» Data:

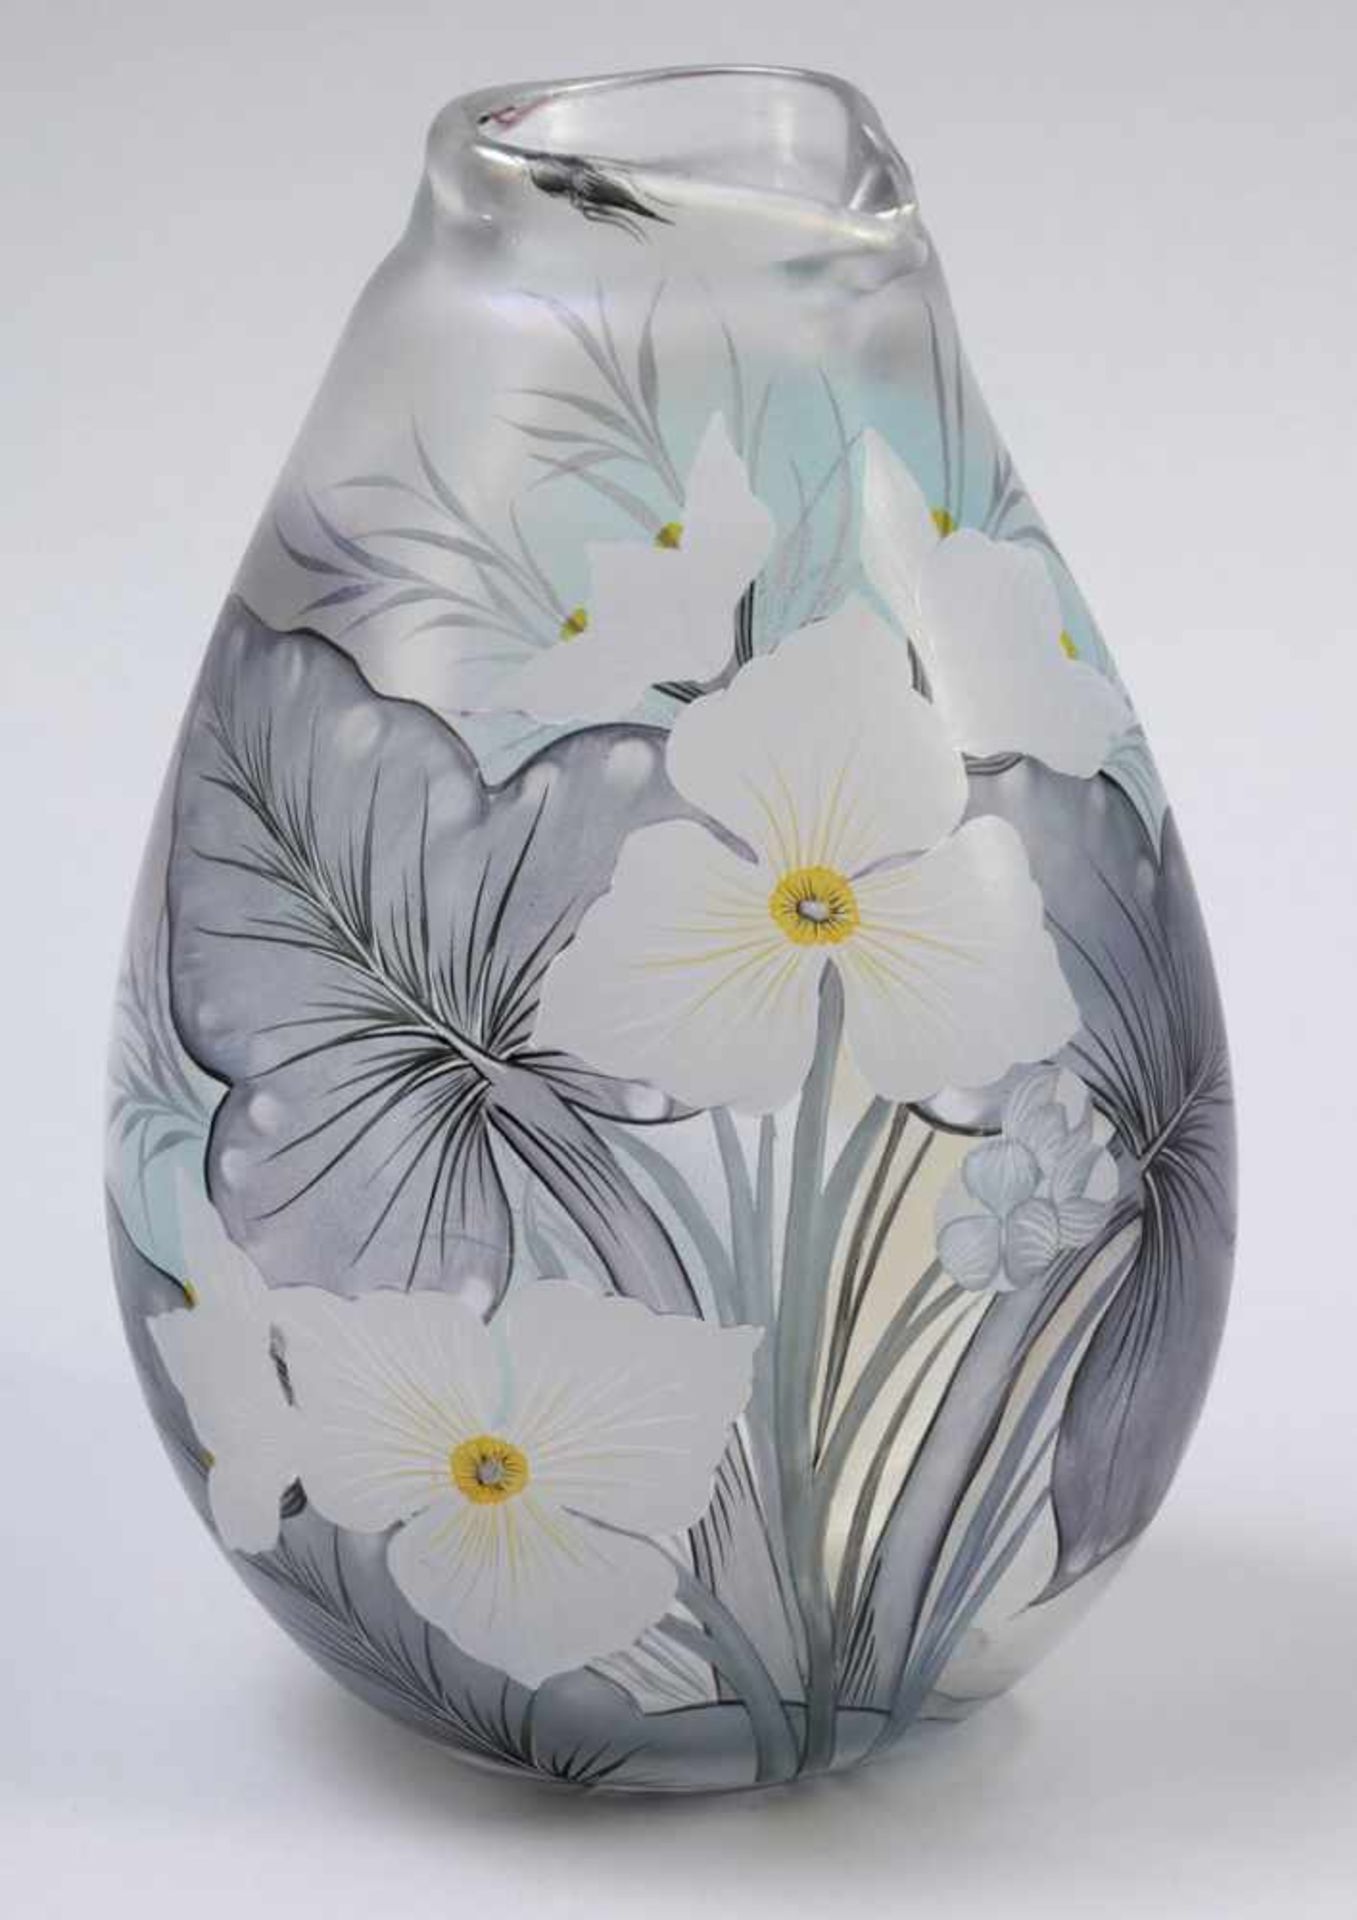 Ovale Vase mit Blume Glashütte Eisch, Frauenau 1994. Farbloses Glas. Polychrom bemalt. Irisierende
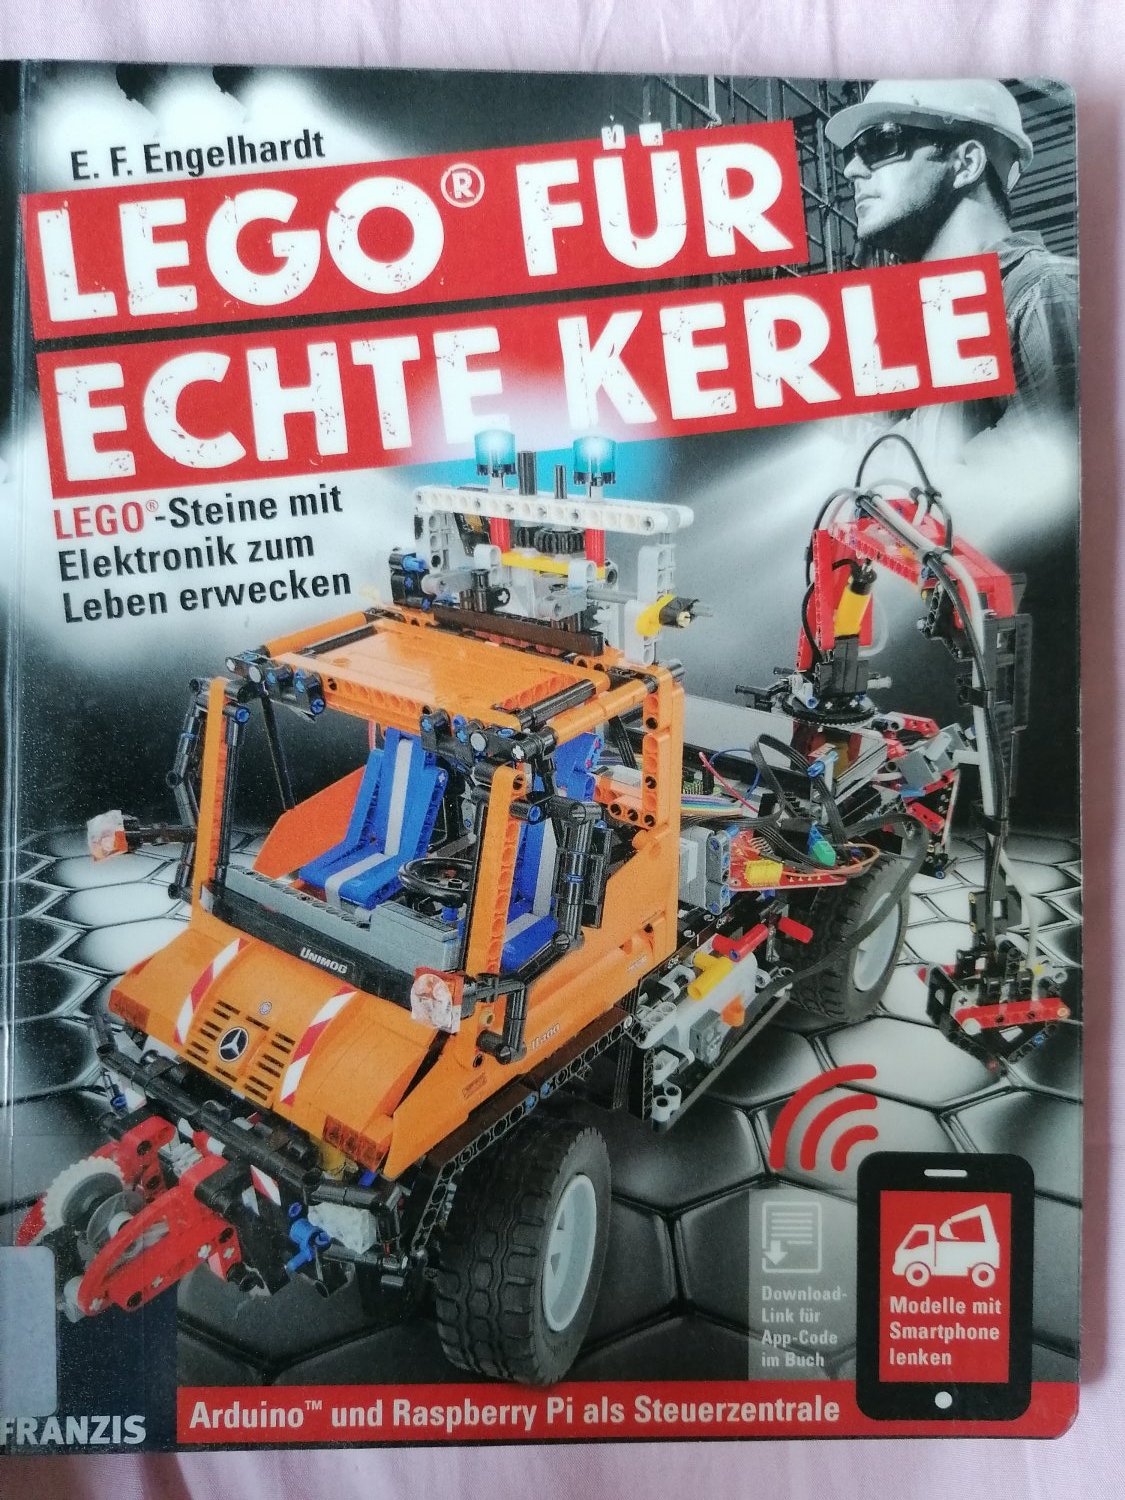 kul Cirkel i gang LEGO® für echte Kerle - Lego®-Steine mit Elektronik zum …“ (Engelhardt,  E.F) – Buch gebraucht kaufen – A02zZAY601ZZh
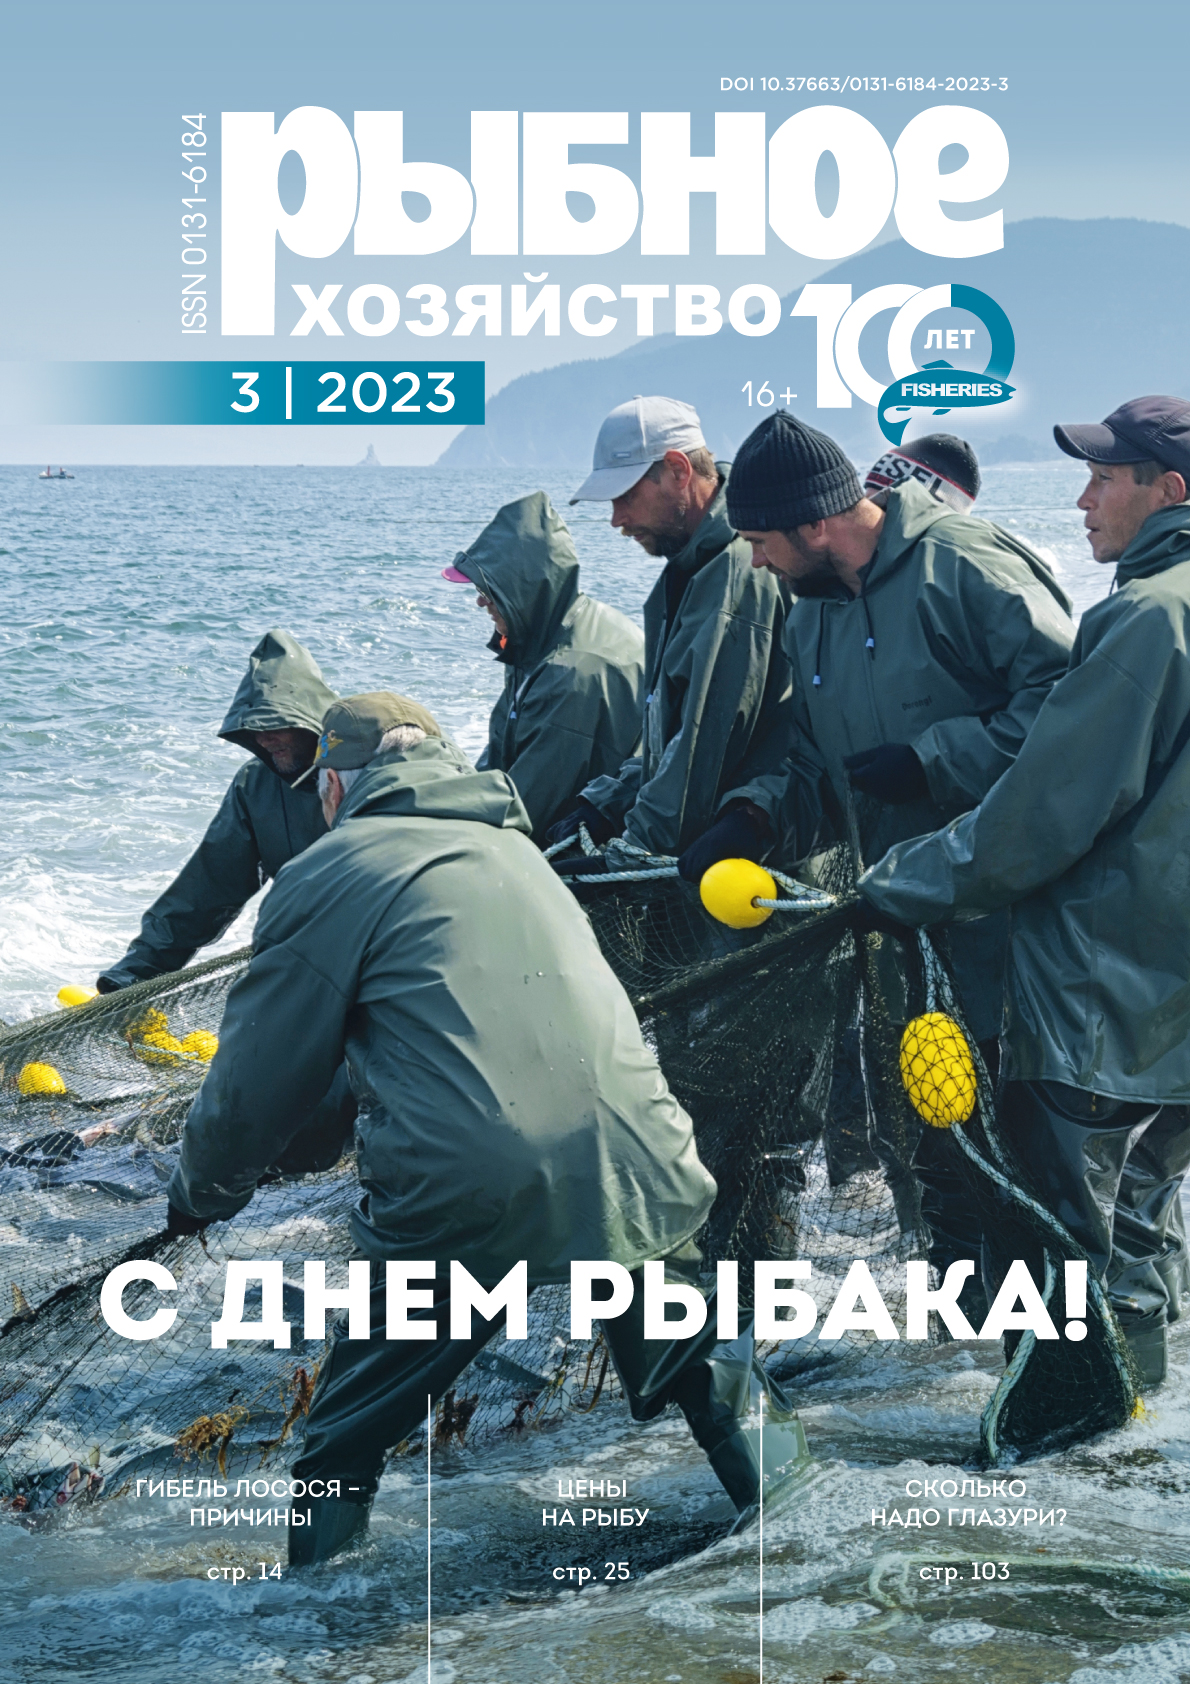             Промышленный лов тихоокеанской сельди (Clupea pallasii) в январе-апреле 2023 г. в северной части Охотского моря

» Work instruction:
Repeat only the lines from the beginning of the material through the line containing "kul Cirkel i", both ends kept, leaving pictures out.

» Solution to this exercise:
 Ovale Vase mit Blume Glashütte Eisch, Frauenau 1994. Farbloses Glas. Polychrom bemalt. Irisierende
 kul Cirkel i gang LEGO® für echte Kerle - Lego®-Steine mit Elektronik zum …“ (Engelhardt,  E.F) – Buch gebraucht kaufen – A02zZAY601ZZh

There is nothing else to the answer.